I was still lying on the bathroom floor, but there was a real pillow under my head now. A puffy white quilt I recognized as having been on my bed covered all of me but the arm, which lay on several equally white towels. The sleeve of my suit was gone, and the jagged edges told me Keene had cut it with a knife. He finished cleaning, and somehow the thread for stitches was already in his hands. I was happy he’d shot me with painkiller, but my body would get rid of it fast, so I hoped he hurried. I’d heal without the stitches, of course, but they would help the process. The curequick would also increase my already rapid ability to heal by up to five times.

Keene’s hands were gentle, and for no reason at all I thought of how his hands had felt touching other places on my body earlier in his room. The door opened, scattering the thoughts, and Patrick slid inside, shutting the door behind him.

“Okay, I think we’re good,” Patrick said. “The Secret Service doesn’t really believe your story about Mari leaving the bathroom without being seen, but since she’s here and they believe nothing weird happened at the school, they’re letting it go. They did post a couple extra agents here in case there’s any more bombs.” He knelt down next to me, smoothing my hair from my face where it blocked my vision. “I’m glad you’re okay.”
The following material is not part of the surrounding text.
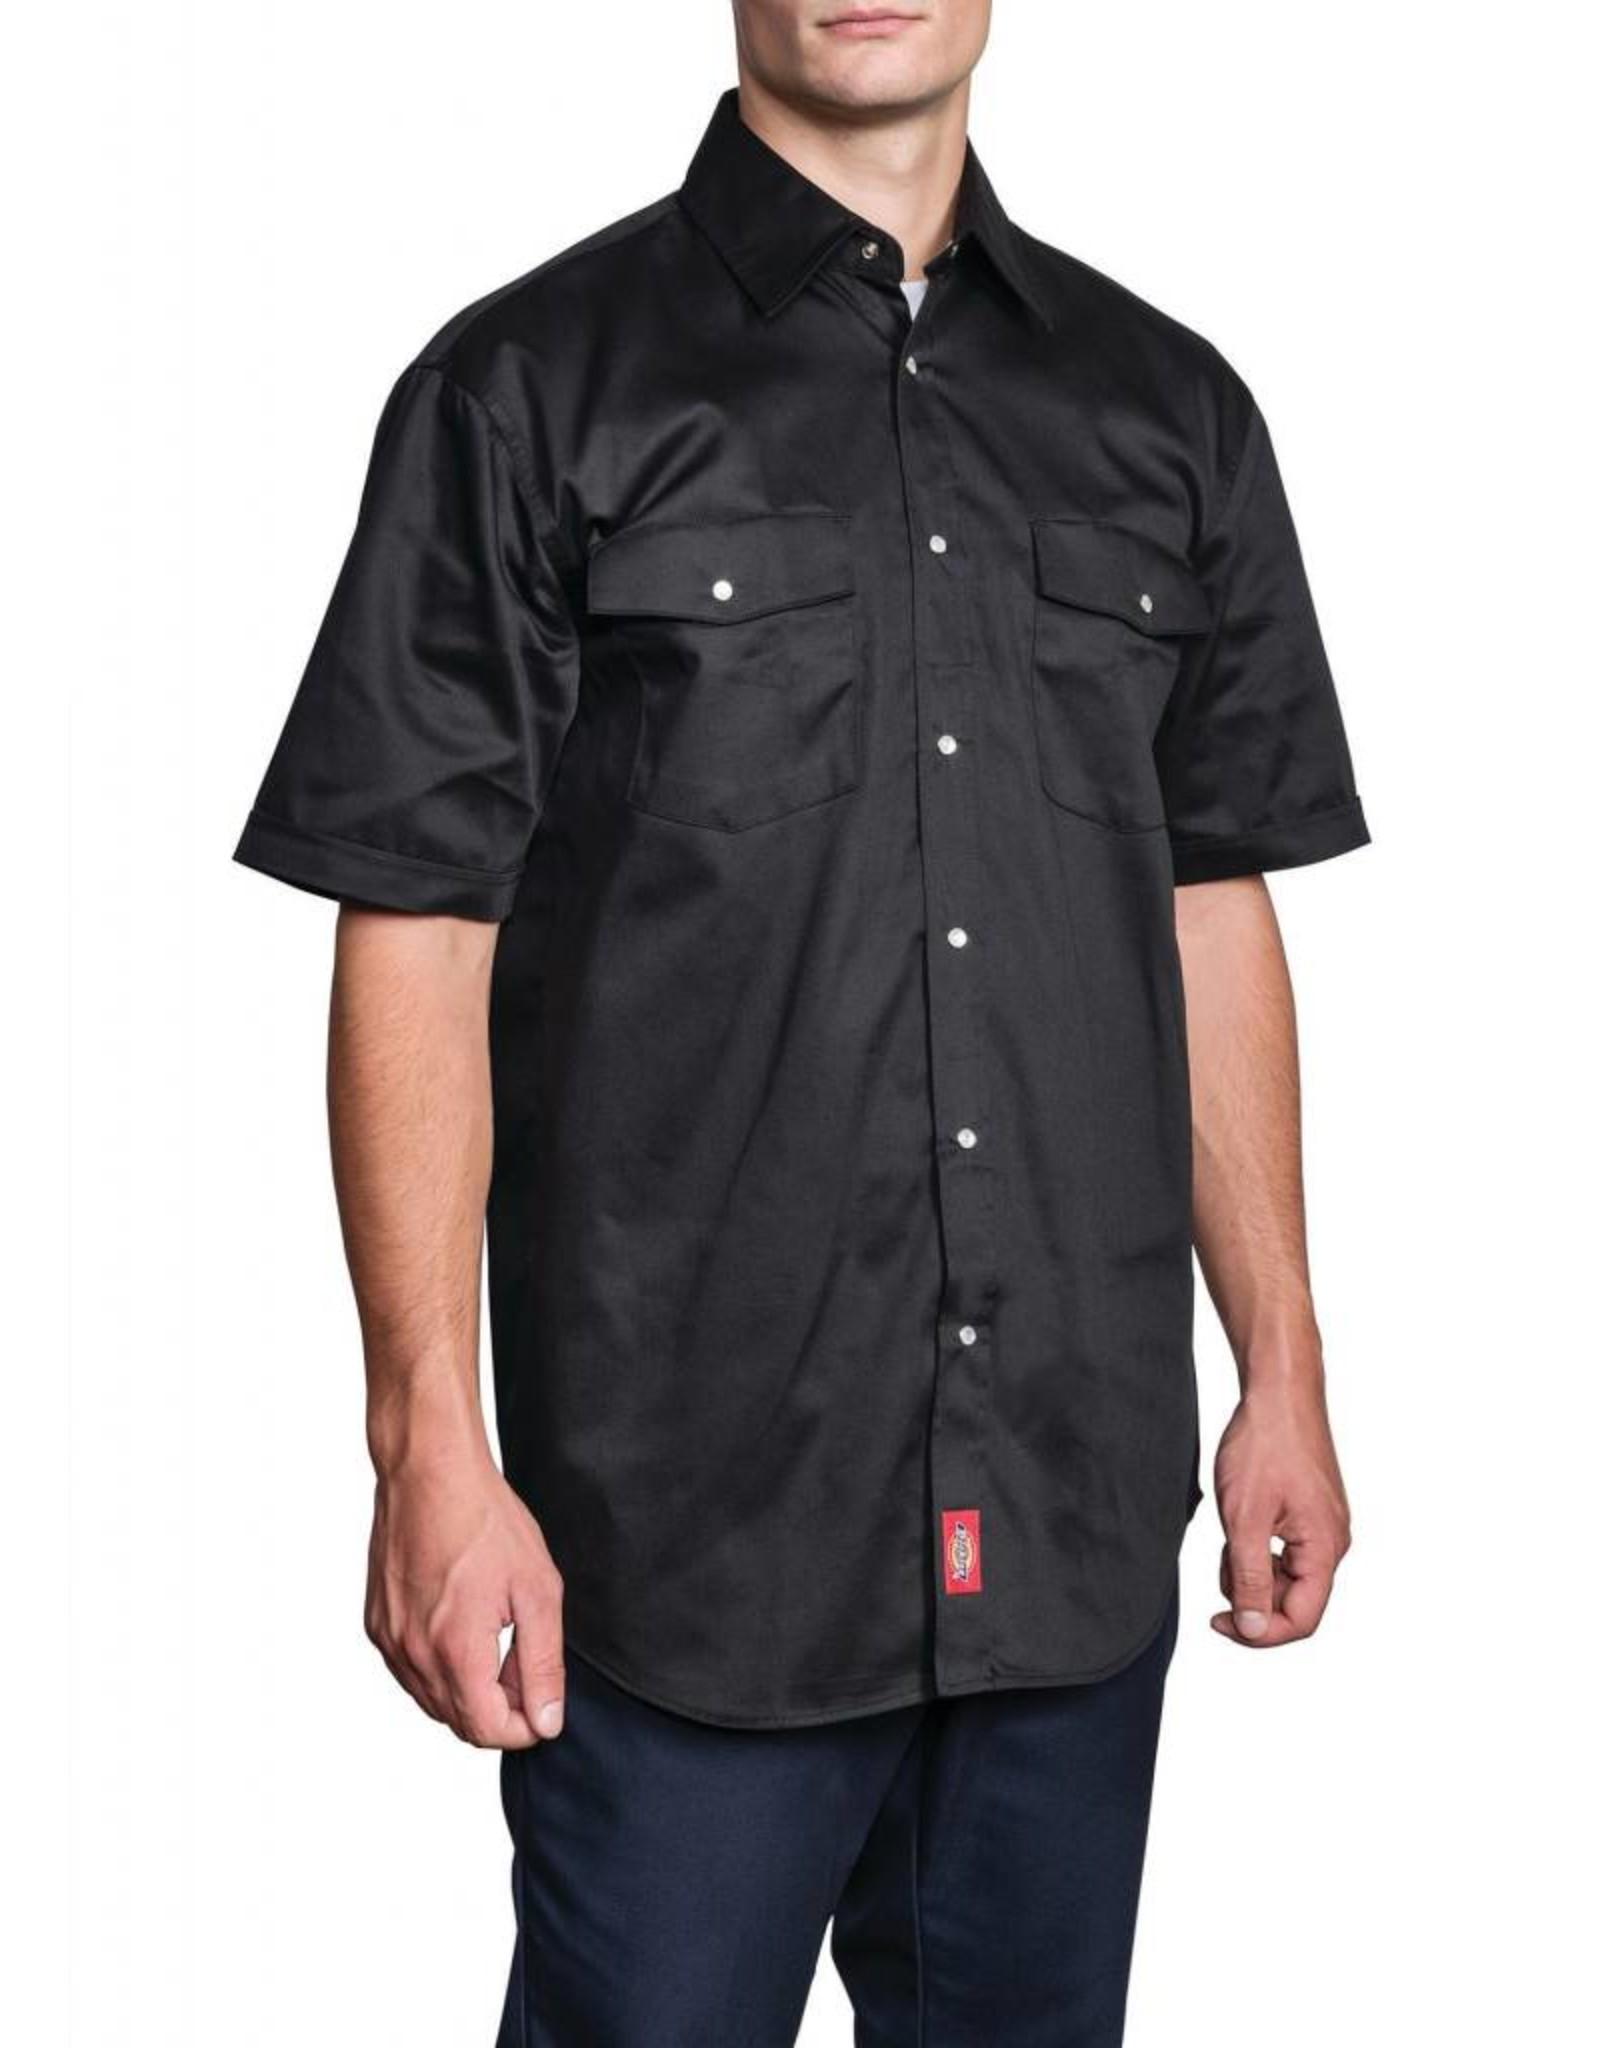 DICKIES Short Sleeve Snap Work Shirt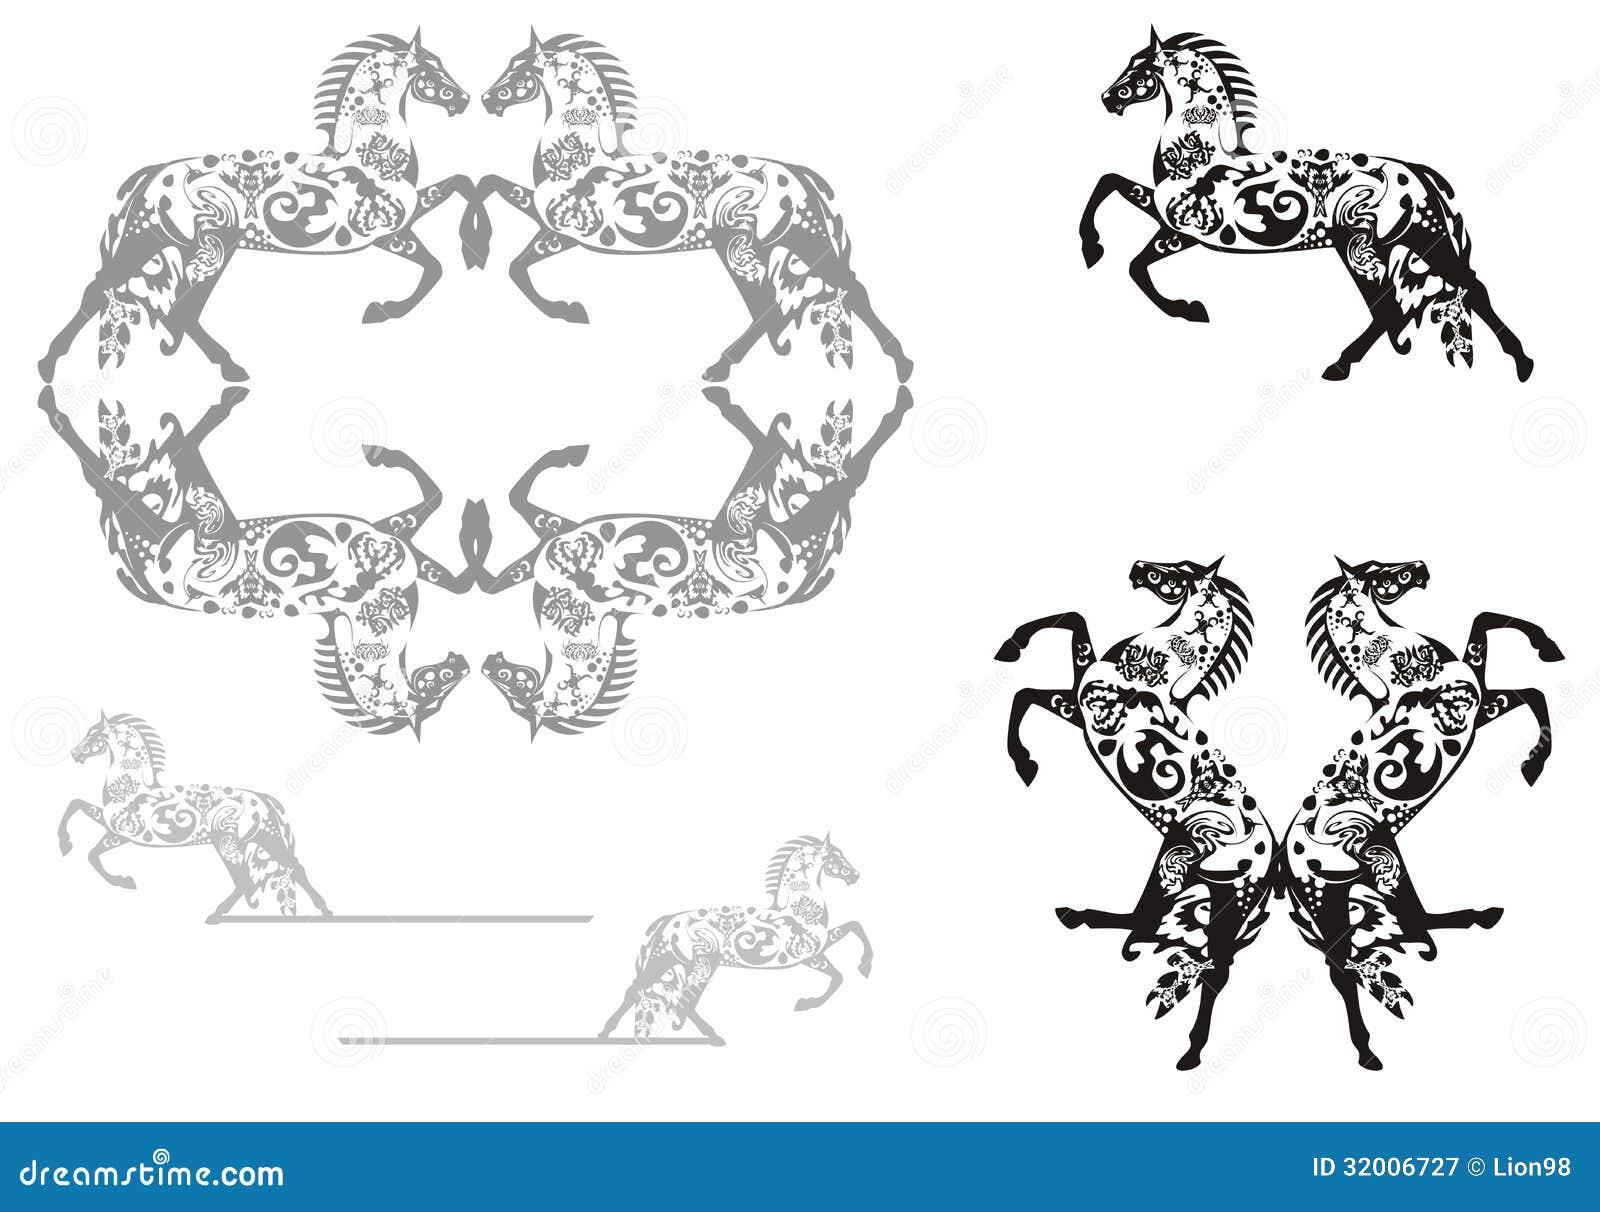 Ilustrao Stock Pomba Smbolo Da Paz Silhueta Preta Do Vetor Image52980332 besides Stock Vector Round Up Time Banner Retro Clip Art Illustration also Stickers 1 moreover Lineart Family 725262 in addition Hangyebiaozhi 435834. on horse silouette

“Me too. But really, there wasn’t much danger. I just moved a little too slow. Didn’t know getting shot was this bad.”

Patrick grimaced. “You never get used to it. When the Emporium had me, they used to shoot me just for fun. Then they’d fill me with their version of curequick so I’d recover faster and then do it all again.” He shuddered. “That experience is what made me volunteer to be the face of the Unbounded. We can’t let the Emporium win.”

“Too bad Hunters don’t realize we’re on their side,” I said. “What about Lucinda? She okay?”

“She came back a while ago. She’s downstairs in the kitchen now. The Secret Service agent who works with my cook is apparently out sick today, so Luce volunteered to help with what’s going to be our very late lunch.”